メアリー:例えば、アメリカなどでは広大な大陸を長距離で走るためオールシーズン性能や耐摩耗性、欧州では高速性能が重視されますが、日本をはじめとするアジアのユーザーは、静粛性、乗り心地、燃費性能、ロングライフなどを重視します。ヤナセさんは「クルマはつくらない。クルマのある人生をつくっている。」というコーポレートスローガンを掲げています。コンチネンタルタイヤも、タイヤだけではなく、さまざまな部品も開発していて、単なる製品を提供しているだけではなく、モビリティ・ソリューションも提供しているので、我々の精神もヤナセさんと同じだと思っています。両社は、お互いに長い歴史があります。その一方で、マーケットやお客さまの要求は常に変化しているので、ソリューションも常に変化しています。常に開発することによって、タイヤに求められる性能をその地域に合わせることができます。

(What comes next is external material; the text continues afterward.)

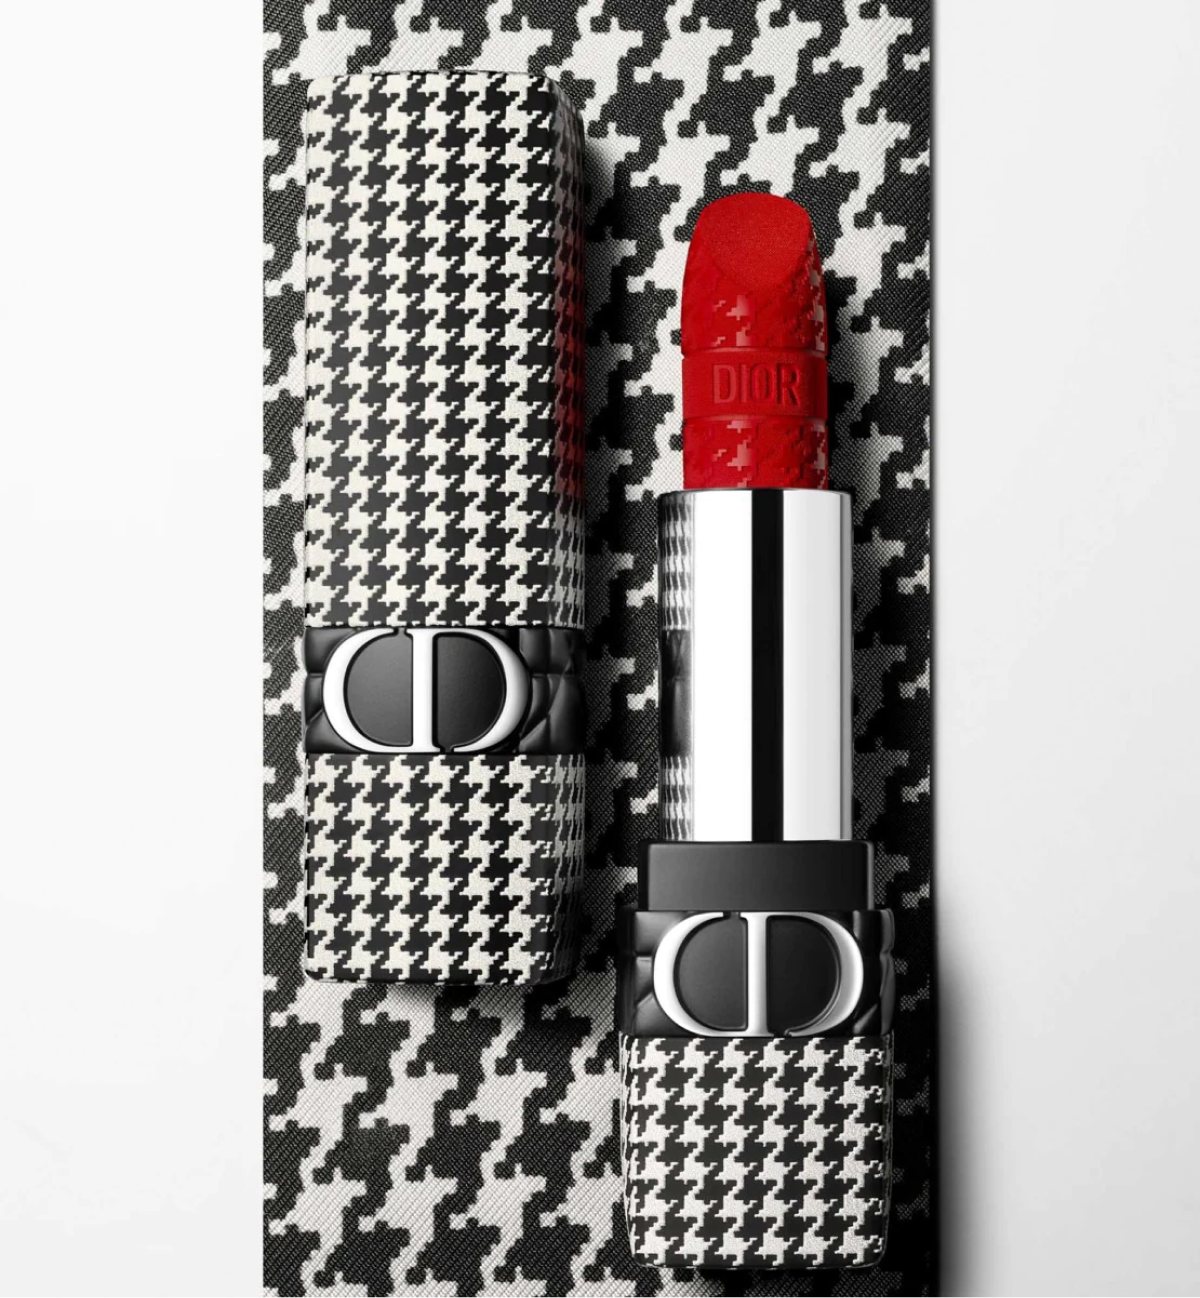 Dior представил новую коллекцию косметики и ароматов New Look (фото 4)

松沢:現在、ヤナセの拠点に対して、クルマメーカーの装着基準をクリアしたOEタイヤをメインで販売しています。外販では、新車装着タイヤはもちろんのこと、装着されたユーザーからの満足度が高い市販用タイヤで、北米での評価が特に高いExtremeContactTM DWS06シリ-ズや、日本を含めたアジア地域向けに開発されたタイヤであるMaxContact/UltraContact/ComfortContactシリーズの積極的な取り扱いをアピールしています。今後もユーザーが求める最適のタイヤを提供していきます。

まとめ
コンチネンタルタイヤは乗用車用のみならず、自転車用およびモ-タ-サイクル用の高性能タイヤもラインナップしている。今回、どのようなバックグラウンドとポリシーで製品をリリースしているのかを窺い知ることができた。欧州自動車雑誌の性能テストで高く評価されているオールシーズンタイヤは、いかなる路面条件下でも高い走行性と安全性を発揮してくれるだろう。AllSeasonContactTMならではの高水準の低燃費性は、環境への負荷を軽減するだけでなくコスト意識の高いドライバーにも最適なので、これからのトレンドになるはずだ。